これであっているから、世の中とは怖いものである。
さて、出会いのきっかけとはありきたりなもので、皇太子の誕生会に、筆頭公爵家の生まれであったソフィアが出席した事にある。
当時蝶よ花よと育てられてきた皇太子は、外に出て虫などを見る経験がなかった。
そんな育ちをしているものだから、天気がいいからと外でパーティがひらかれ、そこに出席した主役の皇太子が、蛇を目撃した時の心情は、まさに蛇に睨まれたカエル。ゲコゲコ
そんなふうにかちんこちんに固まっていた皇太子を助けたのが、ソフィアであったというわけだ。

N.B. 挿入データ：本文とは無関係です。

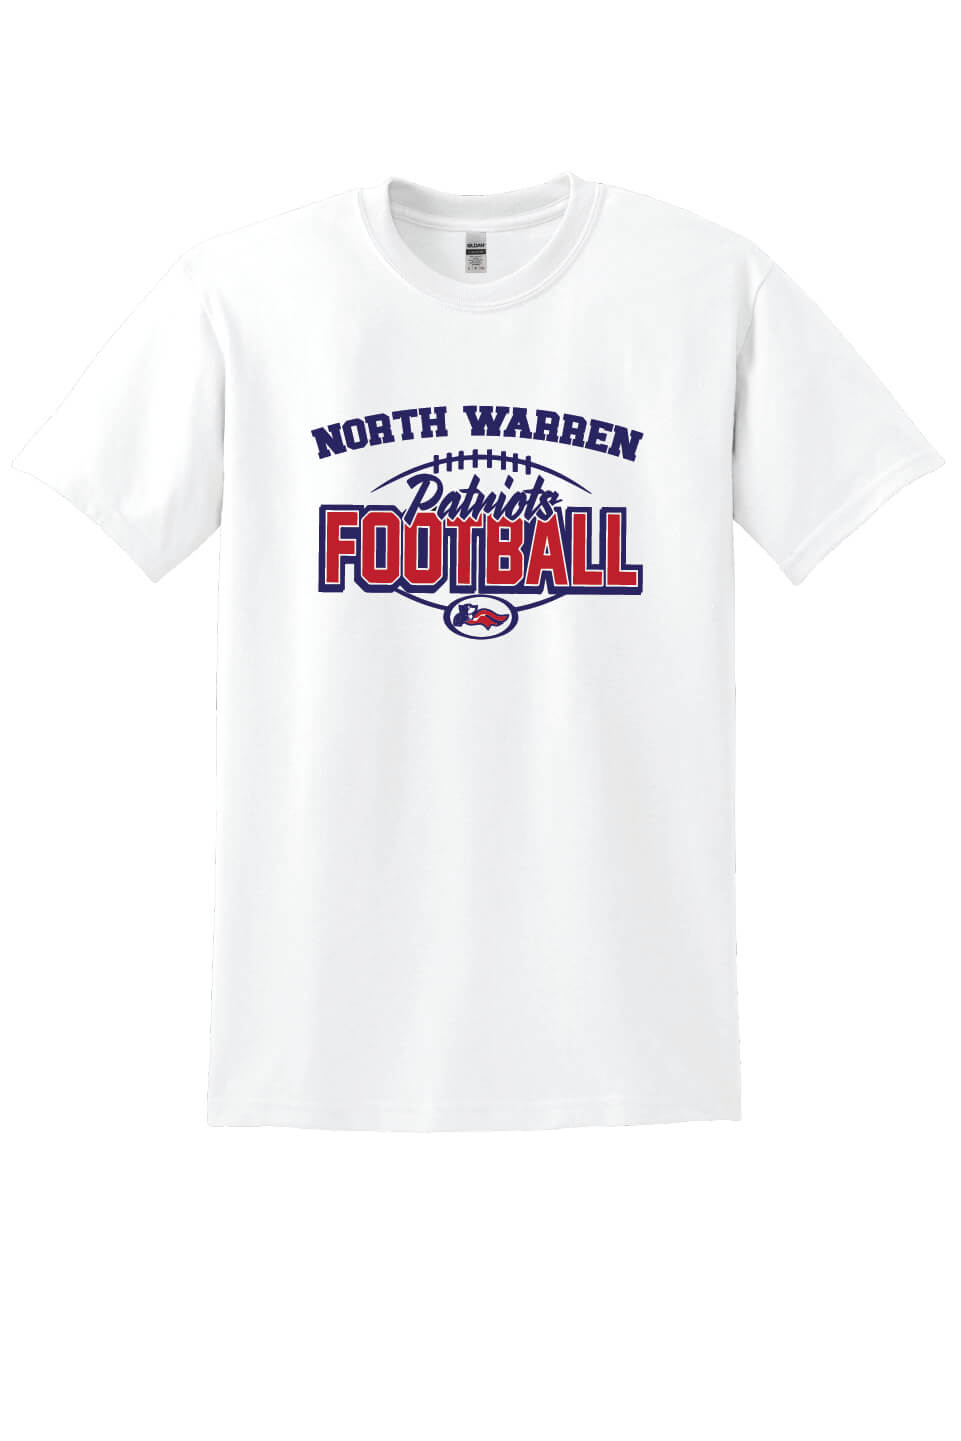 NW Patriots Football Short Sleeve T-shirts (Youth) white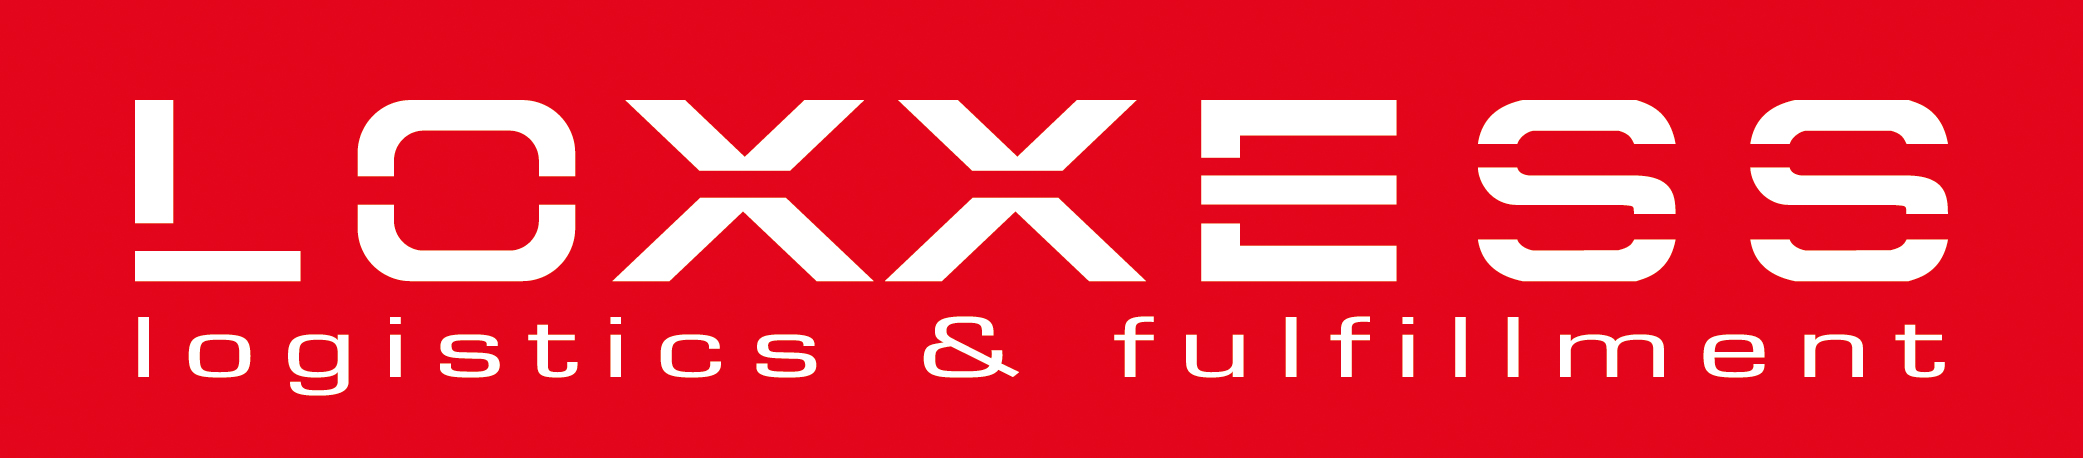 LOXXESS IT Services GmbH

皇太子は助けてくれたソフィアに理想の女性像を見た。もうときめきが止まらなかった。
(ちなみに余談だが、後に婚約のきっかけを聞いた、皇太子の側近アラン・エイベルは、それは普通淑女が考える紳士の理想像では?と突っ込んだという)
その場で、
「僕、この子と結婚する!」
と宣言した。
今回パーティを開かれた目的のうちの一つに、実は婚約者候補探しという目的もあった。
そして、政情が安定しており、ある程度身分があれば、どの貴族令嬢であっても大丈夫であったこともあった。
したがって、身分どうこうよりも、皇太子が気にいる令嬢を選ぼうという考えがあったため、そう皇太子が宣言した後はトントン拍子に婚約が決まった。
ちなみに身分はあまり考えないとは言ったものの、筆頭公爵令嬢であったソフィアは身分という点から考えても、これ以上ない相手であった。
——ちなみに、のちに皇帝と皇后はこんなにも早く婚約者が決まるとは思っていなかったと語ったという。
さて、こんな出会いだから、皇太子はソフィアのことが大好きだったし、ソフィアも皇太子を出来の悪い弟のように可愛がっていた。(なお、それは婚約者の関係性からずれているのでは?というツッコミはしないものとする)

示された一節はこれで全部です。